Travel Credits are the reward currency for SBI Card Miles. Each Travel Credit carries a value of ₹1 when transferred to airline or hotel loyalty programmes in a 1:1 ratio. You earn 1 Travel Credit per ₹100 on travel category spends and 0.5 Travel Credit per ₹100 on all other eligible purchases. Credits must be redeemed in minimum blocks of 2,000 and expire 2 years from the date of receipt.
Does SBI Card Miles include free international airport lounge access?
No. The base SBI Card Miles does not include complimentary international airport lounge visits. You receive a Priority Pass membership at no charge for the first two cardholder years, but each international lounge visit is billed at Priority Pass standard rates. If international lounge access matters, the SBI Card Miles Prime (4 free international visits per year) or Miles Elite (6 free international visits per year) are more appropriate variants.
How do I get the ₹1,499 annual fee waived on SBI Card Miles?
SBI Card Miles reverses the annual renewal fee when you reach ₹6 lakh in spends during a membership year. At that spend level you also collect 5,000 bonus Travel Credits (the ₹5 lakh milestone reward), which partly offsets the fee in earlier months. The ₹6 lakh threshold is high relative to the ₹1,499 fee, but cardholders who route most of their spending through the card generally clear it.

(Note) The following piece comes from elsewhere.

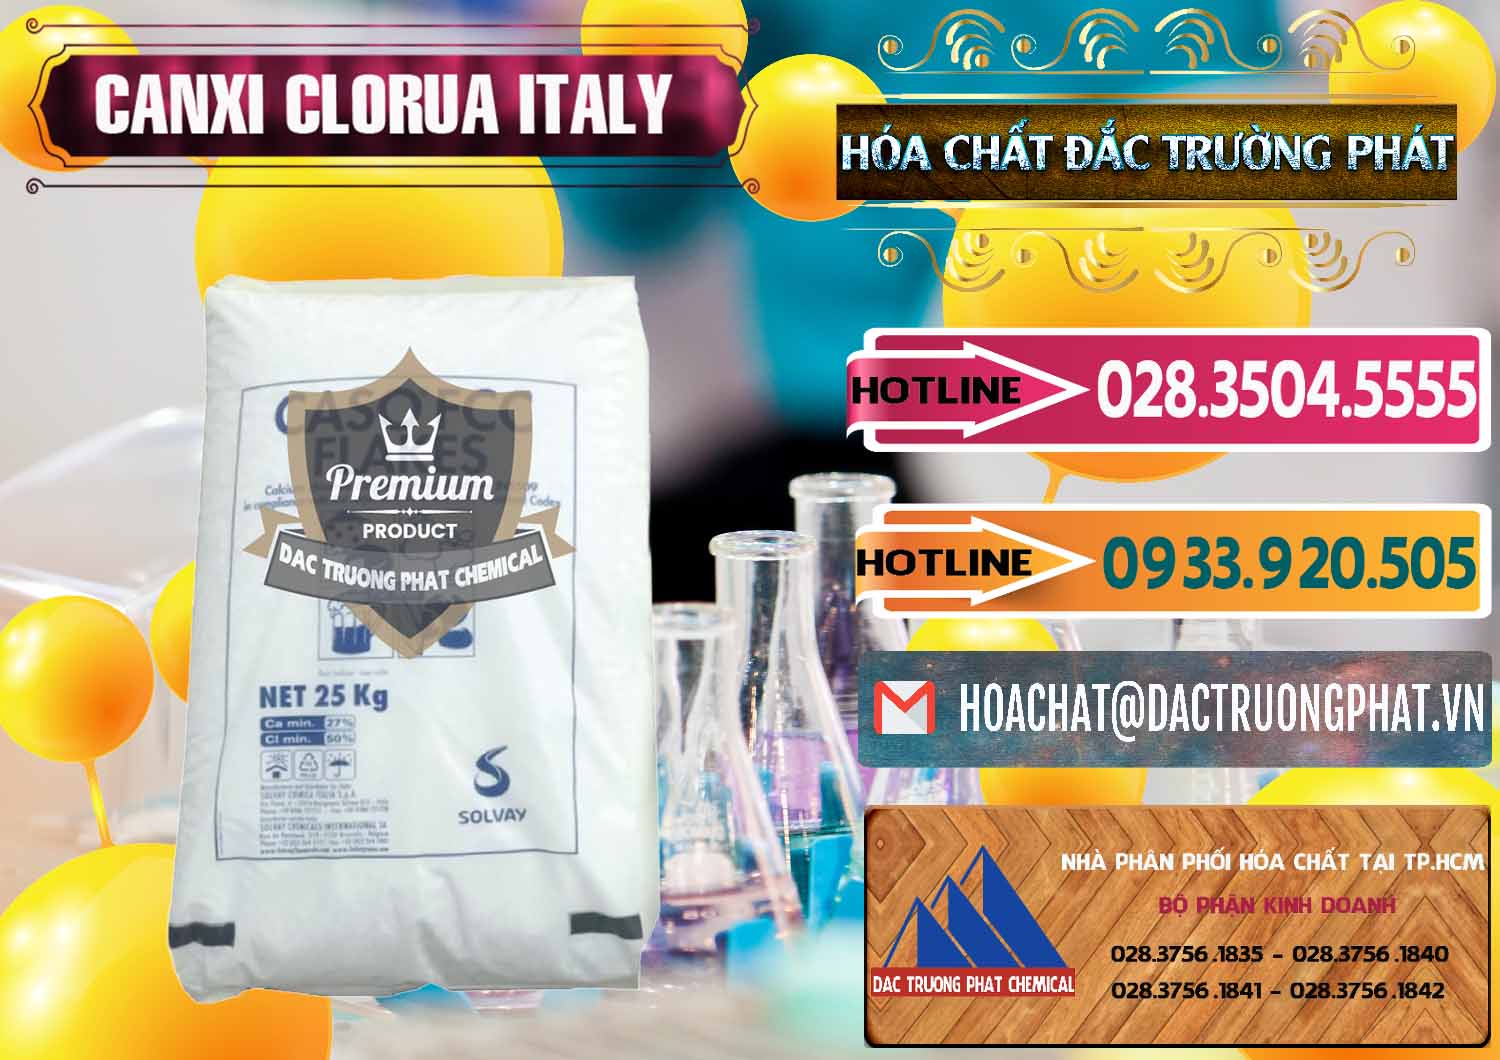 Cty kinh doanh _ bán CaCl2 – Canxi Clorua Food Grade Ý Italy - 0435 - Công ty chuyên cung cấp - kinh doanh hóa chất tại TP.HCM - dactruongphat.vn
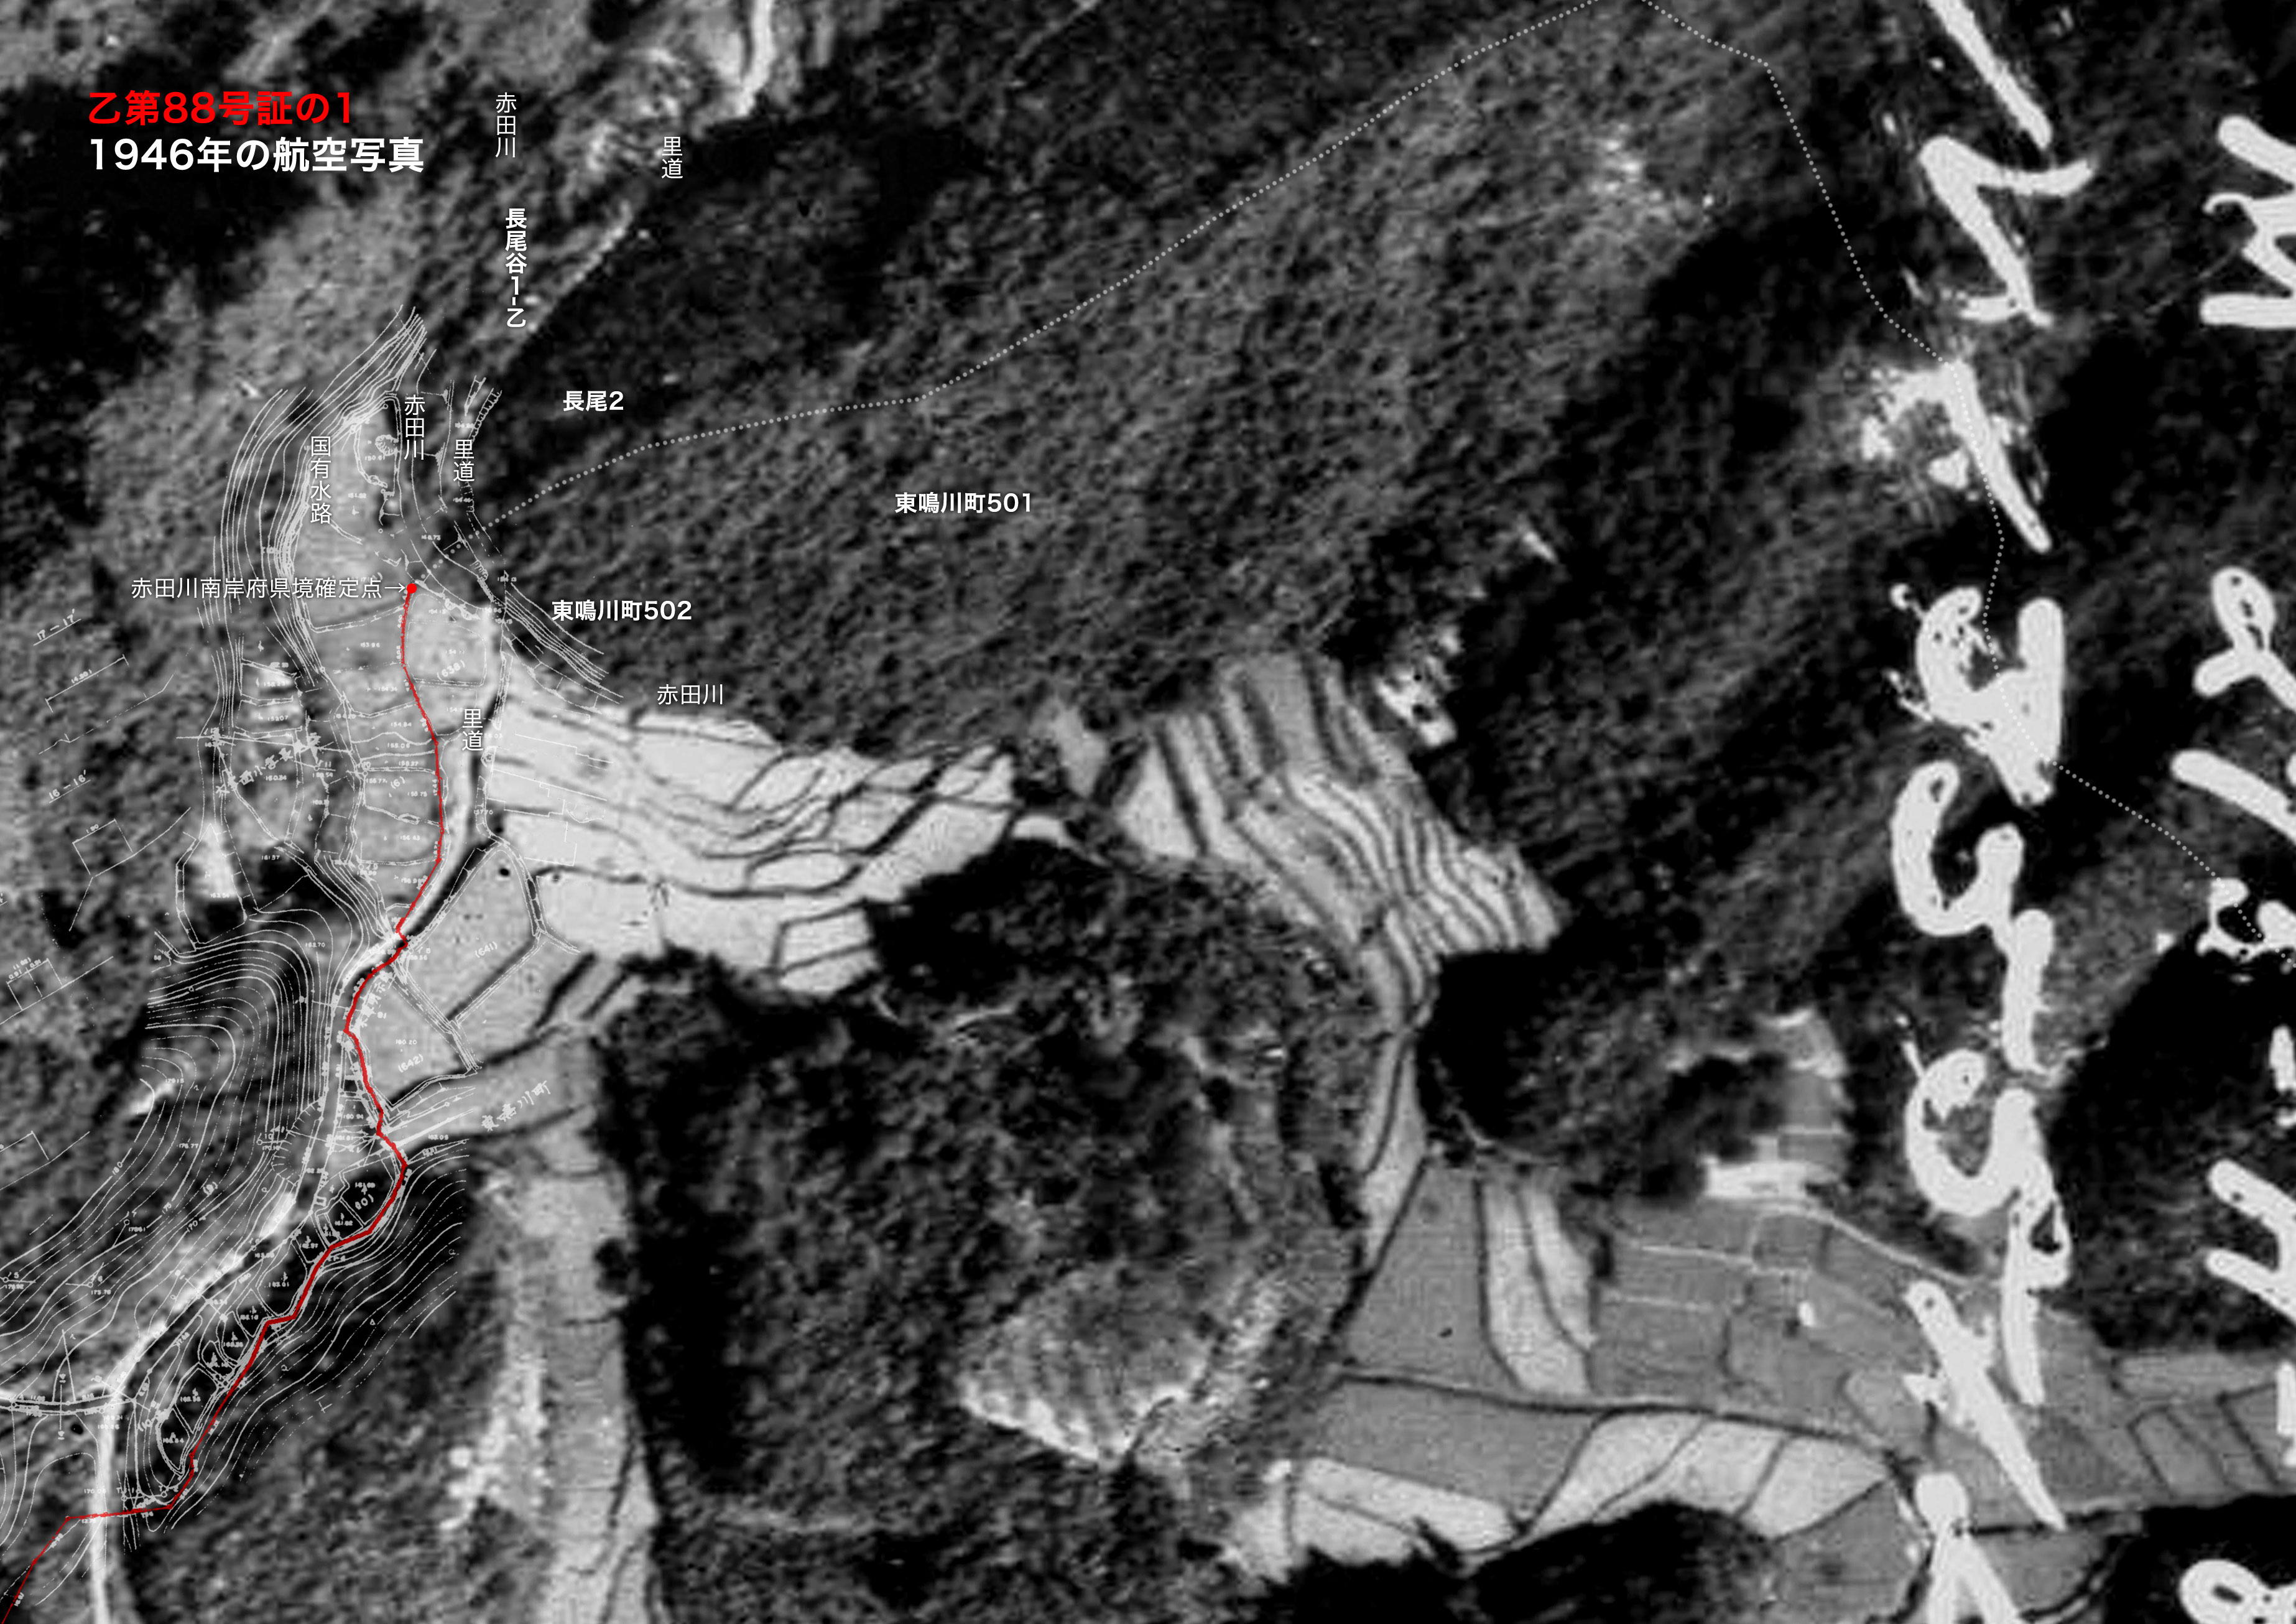 米軍が撮影した航空写真（国土地理院：コース番号Ｍ２７５−Ａ−８）に、本件地内平面図を重ね合わせた合成図

Can I earn extra domestic lounge visits beyond the base four?
Yes. For every ₹1 lakh spent on the card during the membership year, you earn one additional complimentary domestic airport lounge visit beyond the unconditional base four. These milestone visits provide meaningful extra access for higher spenders who consolidate their purchases on the card.
Our Verdict
The SBI Card Miles earns its space as a low-cost entry into transferable travel rewards, not as a comprehensive travel card for regular international flyers. The fee is accessible, the domestic lounge access is unconditional, and the 1:1 transfer programme opens the door to disproportionate value for cardholders who understand how to work airline or hotel award charts.
What the card is not is made explicit by the official product page: there are no complimentary international lounge visits. The Priority Pass membership for the first two cardholder years sounds substantial until one reads past the headline. Each international lounge visit under Priority Pass is billed at standard rates, typically USD 27-35 per entry. A cardholder expecting free global lounge access will be caught off-guard at the first international terminal. This is worth stating clearly because several card comparison sites describe the Priority Pass membership without flagging that visits carry a charge on the base variant.
The fee waiver arithmetic also deserves examination before applying. Reaching ₹6 lakh on this card requires routing a significant share of household spend through it or concentrating travel bookings on the card. For a mid-spender who runs ₹3-4 lakh per year through the card, the ₹1,499 fee will not reverse. At that spend level, the 0.5% effective return on non-travel spends becomes the relevant comparison figure, not the 1% travel earn rate.
Apply if domestic lounge access without a spend condition matters, the ₹1,499 annual fee is acceptable without the waiver, and there is a plan to transfer credits to a travel programme rather than sit on them until expiry. Pass if international lounge access is a regular need, or if a flat-rate cashback card's simpler structure suits the spending pattern better.